# Paph Susan Low



## Renegayde (Oct 8, 2008)

one of the plants I got from Haiku Maui Orchids was labeled Paph Lowii "Waterfield" HCC/AOS X Susan Booth "Mem Lily Mizumo" HCC/AOS......I looked up this cross and Lowii x Susan Booth is Paph Susan Low but so far I have not found a pic online of Susan Low.......anyone have a pic or a link to a pic? just curious what it might look like if I ever get it to bloom.....now I have two though becase when I was repotting this 2 growth plant it seems the smaller growth was not attached....I was cleaning some potting medium off the roots and found it was either a second growth that had seperated at some time or had always been two seperate plants.....though it is a lot smaller to have always been a second growth I would think

Todd


----------



## goldenrose (Oct 8, 2008)

I would guess it would look like Julius (roth x lowii).

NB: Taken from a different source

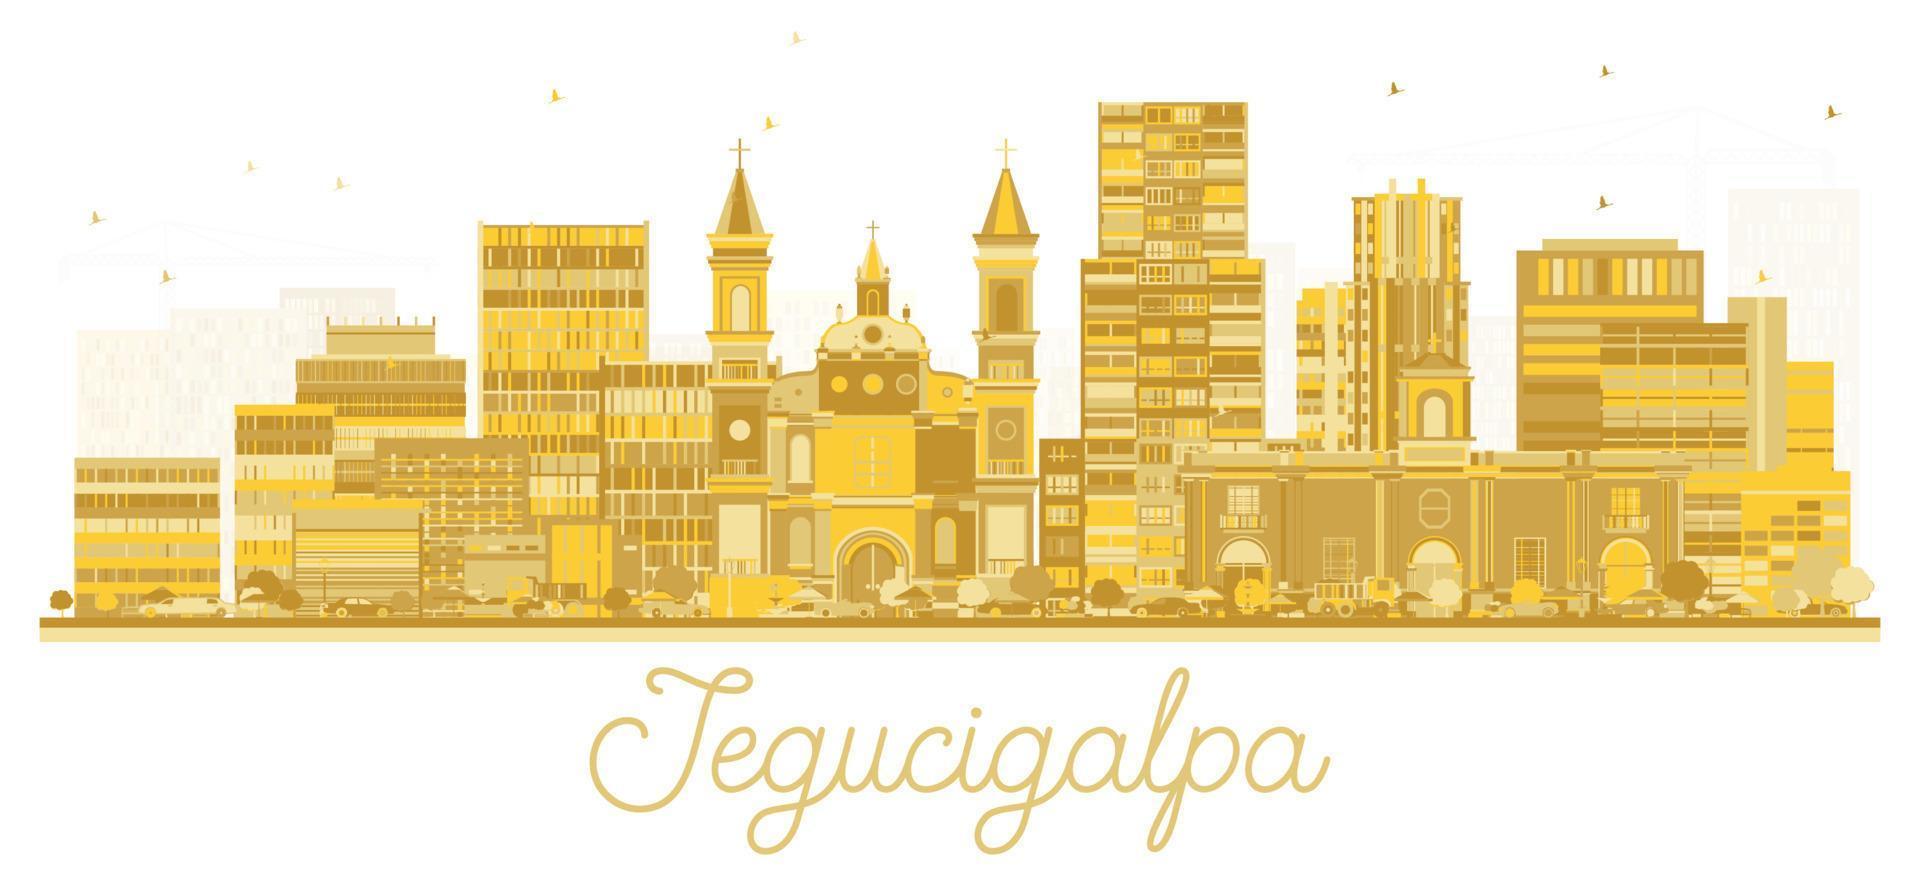 silhueta do horizonte da cidade de tegucigalpa honduras com edifícios dourados isolados no branco. vetor

Susan Booth is (roth x praestans) & looks very roth like, so that's what I'd be looking for.


----------



## slippertalker (Oct 8, 2008)

It will be somewhat like Paph Julius but a bit smaller and maybe more twisting of the petals.


----------



## Candace (Oct 8, 2008)

I checked both Orchid Wiz and the AQ database and although there has been one awarded, there isn't a photo. Hopefully someone has one.


----------



## Renegayde (Oct 8, 2008)

Thanks Guys

Todd


----------